Ruby the Red Worm's Dirty Job Make-A-School Project. Pictured here are the student illustrators standing in the shape of a worm and the message, "We love worms.".
Ruby the Red Worms Dirty Job book cover title screen
Ruby the Red Worms Dirty Job. Illustrated by elementary students.

Ruby the Red Worm’s Dirty Job

A story about composting and over-coming bullying in favor of the bigger picture.

As featured in the Milwaukee Journal-Sentinel

Ruby The Red Worm's Dirty Job. A story about composting and over-coming bullying in favor of the bigger picture. By Scott Stoll.

Synopsis: Ruby the Red Worm is a humorous and educational introduction to composting and the essential role worms serve in the ecosystem. More importantly, it is a story about living a life of passion despite life’s bullies — even if it means eating dirt.

Note: This is an inspirational and educational introduction to composting with some life lessons. It is not a book about how to raise worms though we hope it inspires you to do so. The reading level is between a children’s picture book and a children’s chapter book; however, we design our books to be interesting for all ages. We want the parents to enjoy reading it just as much as the children enjoy listening.

UPDATE: Over a thousand people came to the ice cream social celebration and had their book signed by the student illustrators.

Ruby the red worm sock puppet
Ruby the red worm sock puppet. It is super easy to make. Buy any red sock and googly eyes. Young kids think being read the story by the sock puppet is absolutely hysterical. I mean that. I’ve never seen kids laugh so hard.

More about this book: This children’s chapter book is full of rich, conceptual drawings that complement a story that grew and grew as the students continued to inspire me to write new pages to match their wonderful drawings. It is a particularly important book, as it is the first book not about me, but something much more important — worms! I’m glad to see that being green is a topic that finally has finally reached critical mass in the mainstream consciousness.

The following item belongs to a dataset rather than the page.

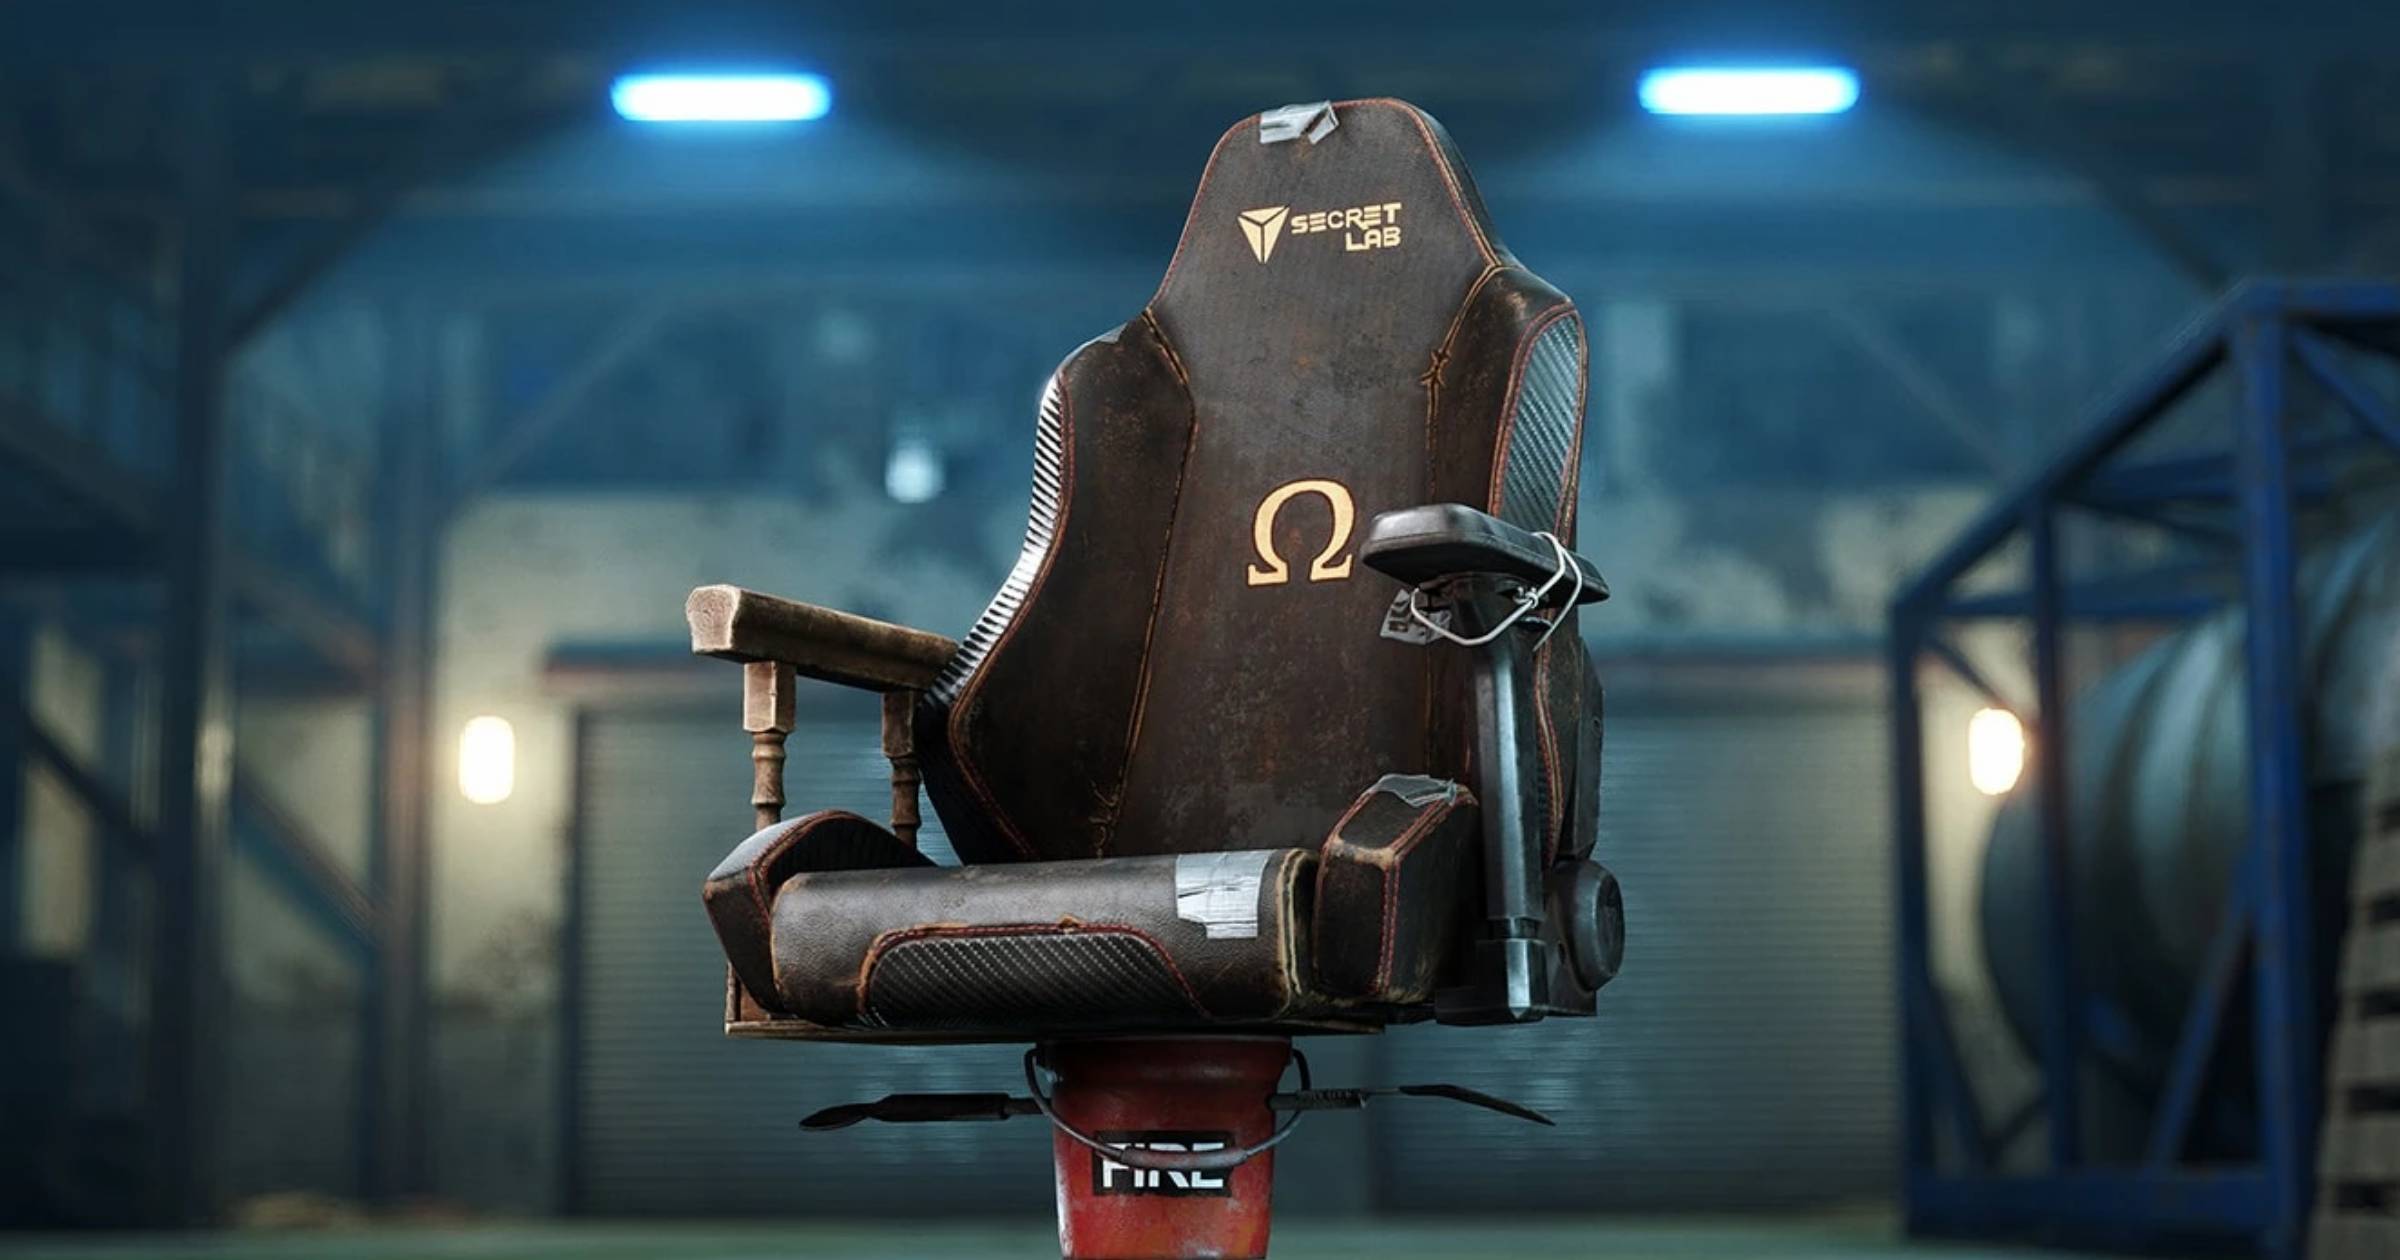 Are Secretlab Chairs Good? Secretlab Rust Edition Gaming Chair

And Ruby the Red Worm illustrates many subjects from composting and recycling to a passion for living a harmonious life. The book also includes a page of challenges to help kids find hidden surprises in the story. During the first draft of the story, Ruby the Red Worm was known as Redford.

“The mission of the STEM Academy is to engage, inspire, and empower a community of learners in thinking, collaborating, innovating, and creating for the future.” Therefore this project gave the students the opportunity to apply these principals to their learning and everyday life—literally creating a dream and turning it into a reality. This project also sowed a lot of collateral creations, such as: name-that-bug contest, worm farms, musical theme songs for the characters in the book, the class photo pictured above, illustrator book signing, media exposure, and much more.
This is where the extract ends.